0

I'm using spark sql to create a query. The actual query is bit large in size but the issue I'm getting is the following error

Error in SQL statement: AnalysisException: IN/EXISTS predicate sub-queries can only be used in a Filter: Aggregate

And the following part of the query is causing the trouble. I am not sure

select col1, col2,
sum(case
    WHEN snoozed_until is NULL
        AND hired is NULL
        AND lower(profile_archive_status) = 'true'
        AND profile_id NOT IN 
    (SELECT profile_id
    FROM candidates_feedback f
    WHERE lower(f.a1) LIKE '%no%') THEN
        1
        ELSE 0 END) Archived, 
        sum(case
        WHEN snoozed_until is NULL
            AND hired is NULL
            AND lower(profile_archive_status) = 'true'
            AND profile_id IN (SELECT profile_id FROM candidates_feedback f WHERE lower(f.a1) LIKE '%no%') THEN 1 ELSE 0 END) Rejected,
from table;

petereg157
  • 39
  • 8
  • Provide sample data, desired results, and an explanation of what you want to accomplish. – Gordon Linoff May 20 '20 at 11:39
  • @GordonLinoff I've update the query, I hope its making sense now.
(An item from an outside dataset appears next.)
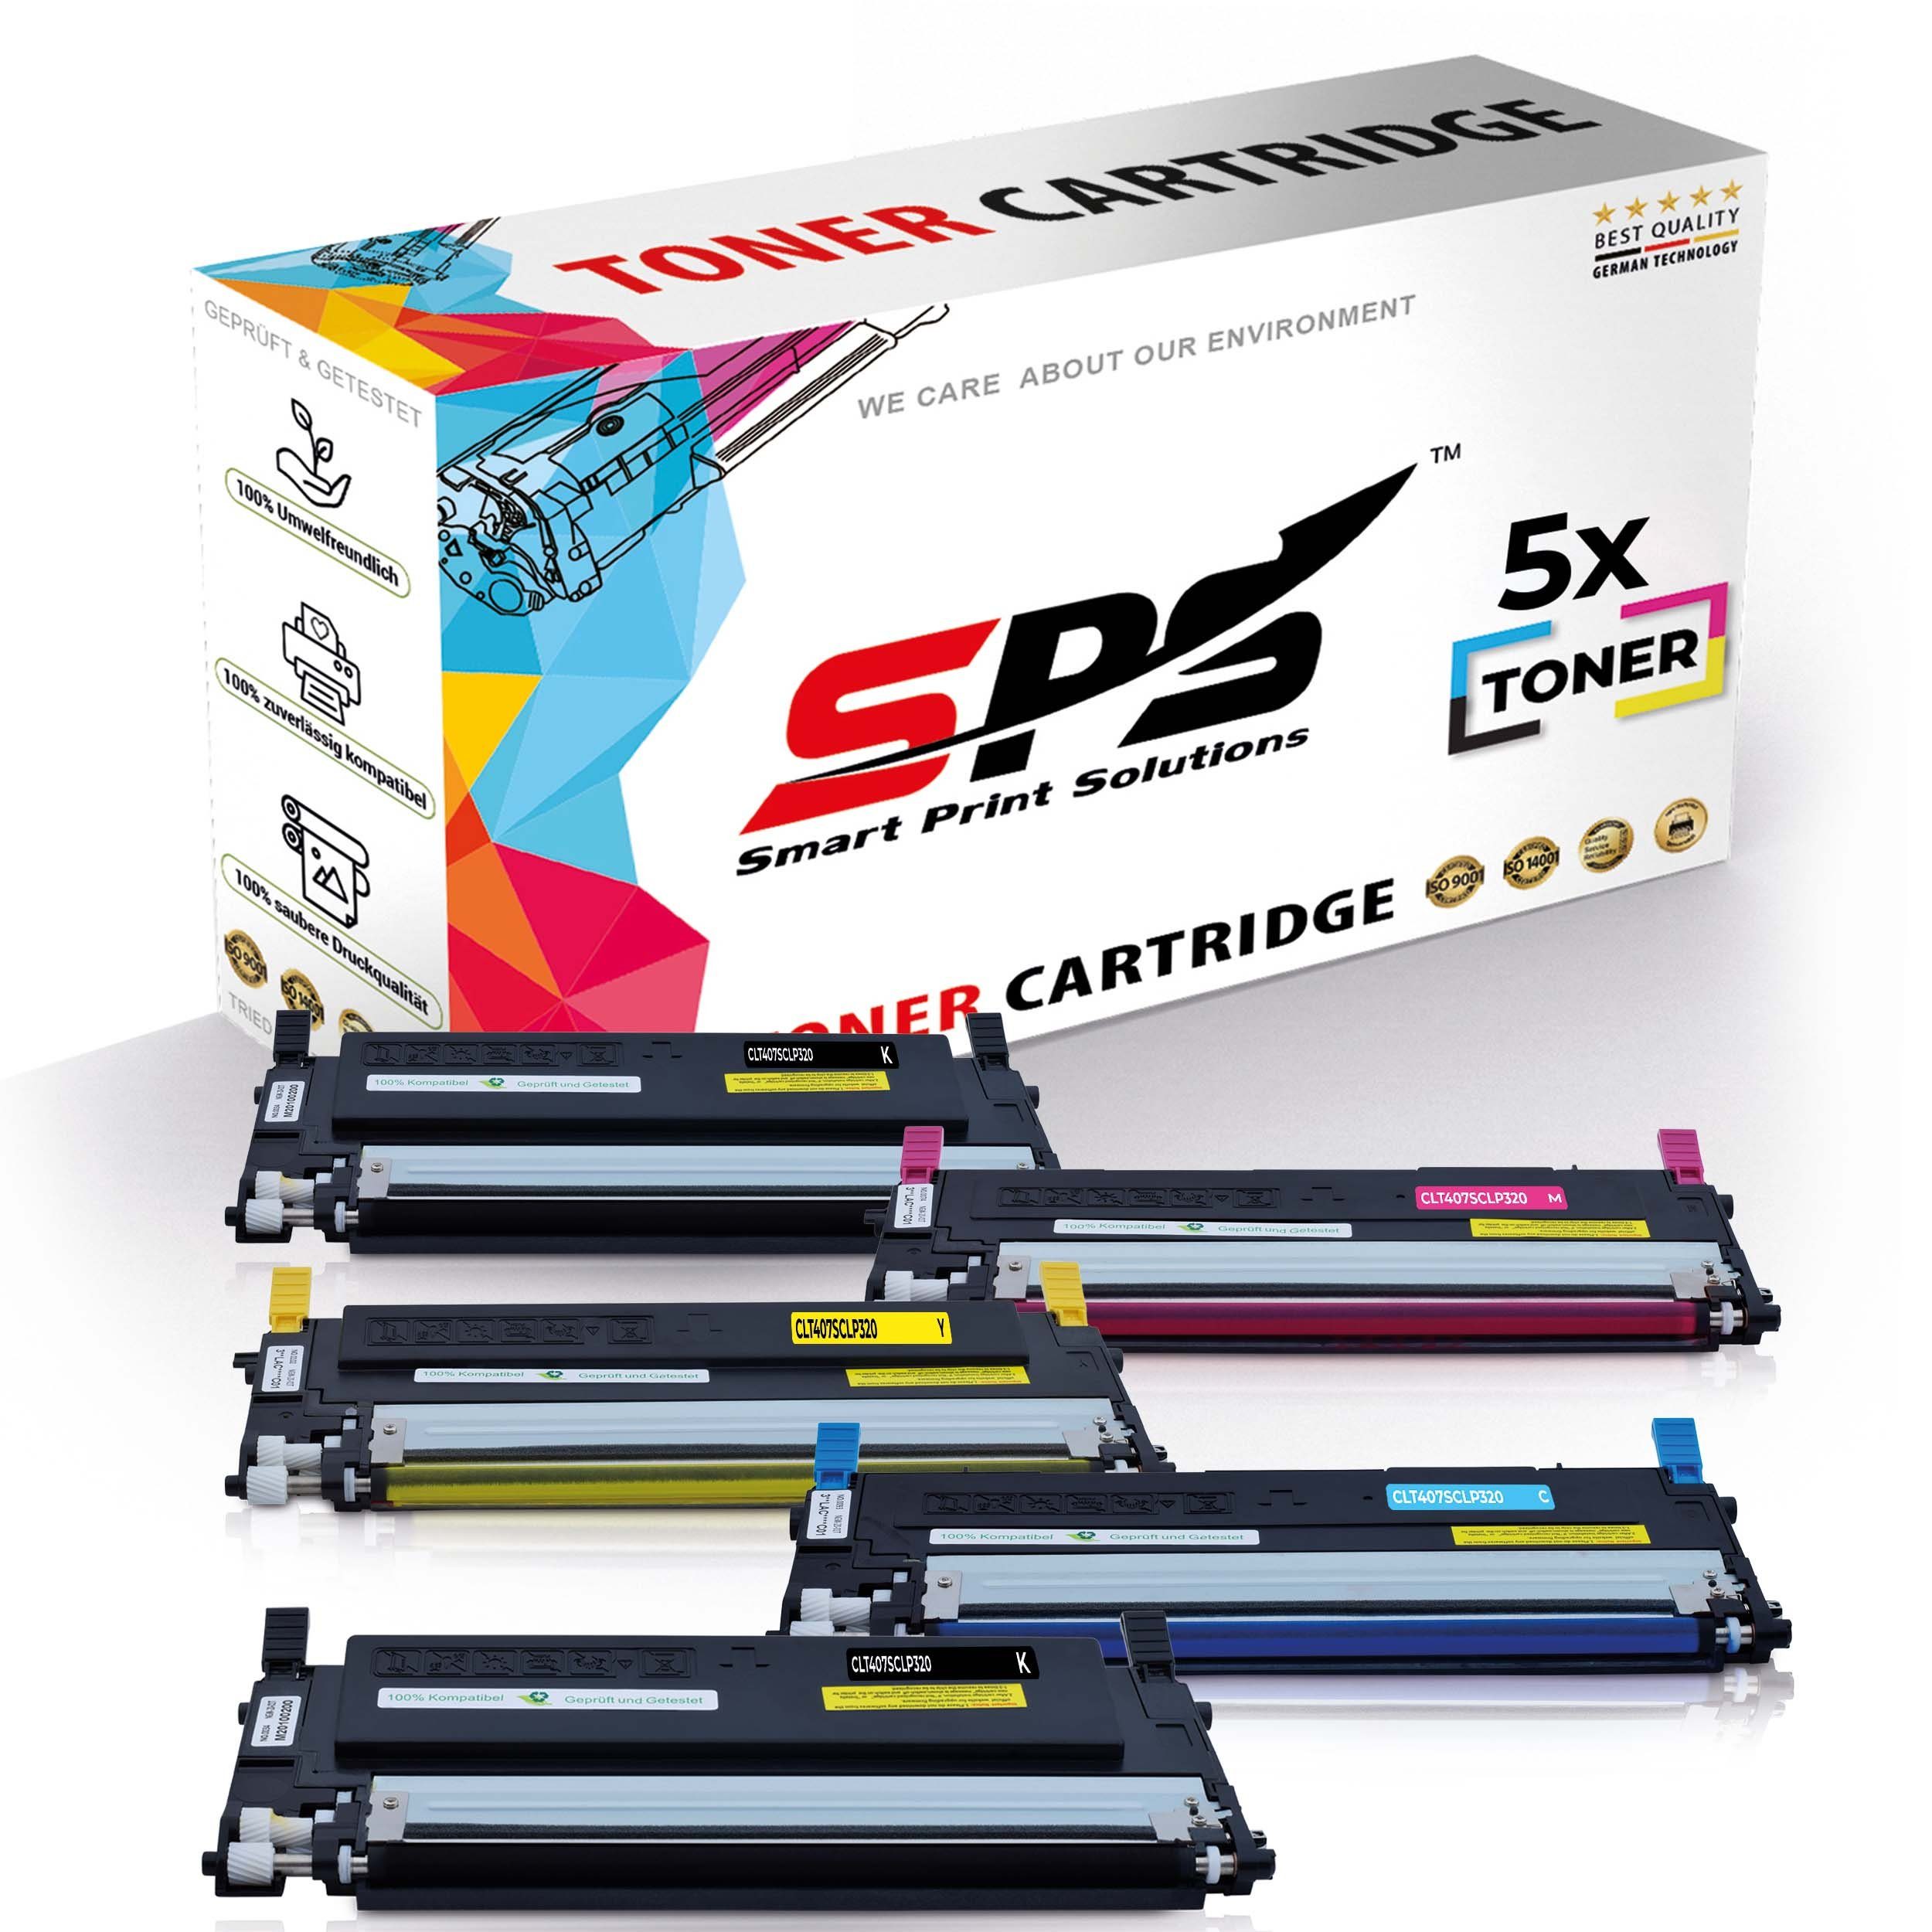 SPS Tonerkartusche Kompatibel für Samsung CLP-320 C407 CLT-C407S, (5er Pack)

Similar kind of thing is here. https://stackoverflow.com/questions/34861516/spark-replacement-for-exists-and-in/34866817 – petereg157 May 20 '20 at 12:10
  • the IN/EXISTS predicates are not allowed in the select projection. the query analyser says it only accpted in the filter. Please try to rework the query – Som May 21 '20 at 02:42

1 Answers1

0

Use left join with sub-query:

select col1, col2,
sum(CASE
       WHEN snoozed_until is NULL
        AND hired is NULL
        AND lower(profile_archive_status) = 'true'
        AND p.profile_id IS NULL THEN 1 ELSE 0 
     END) Archived, 
sum(CASE
        WHEN snoozed_until is NULL
            AND hired is NULL
            AND lower(profile_archive_status) = 'true'
            AND p.profile_id IS NOT NULL THEN 1 ELSE 0 
    END) Rejected
from table t
     left join 
     (SELECT DISTINCT profile_id
        FROM candidates_feedback f
       WHERE lower(f.a1) LIKE '%no%') p on t.profile_id=p.profile_id
leftjoin
  • 36,950
  • 8
  • 57
  • 116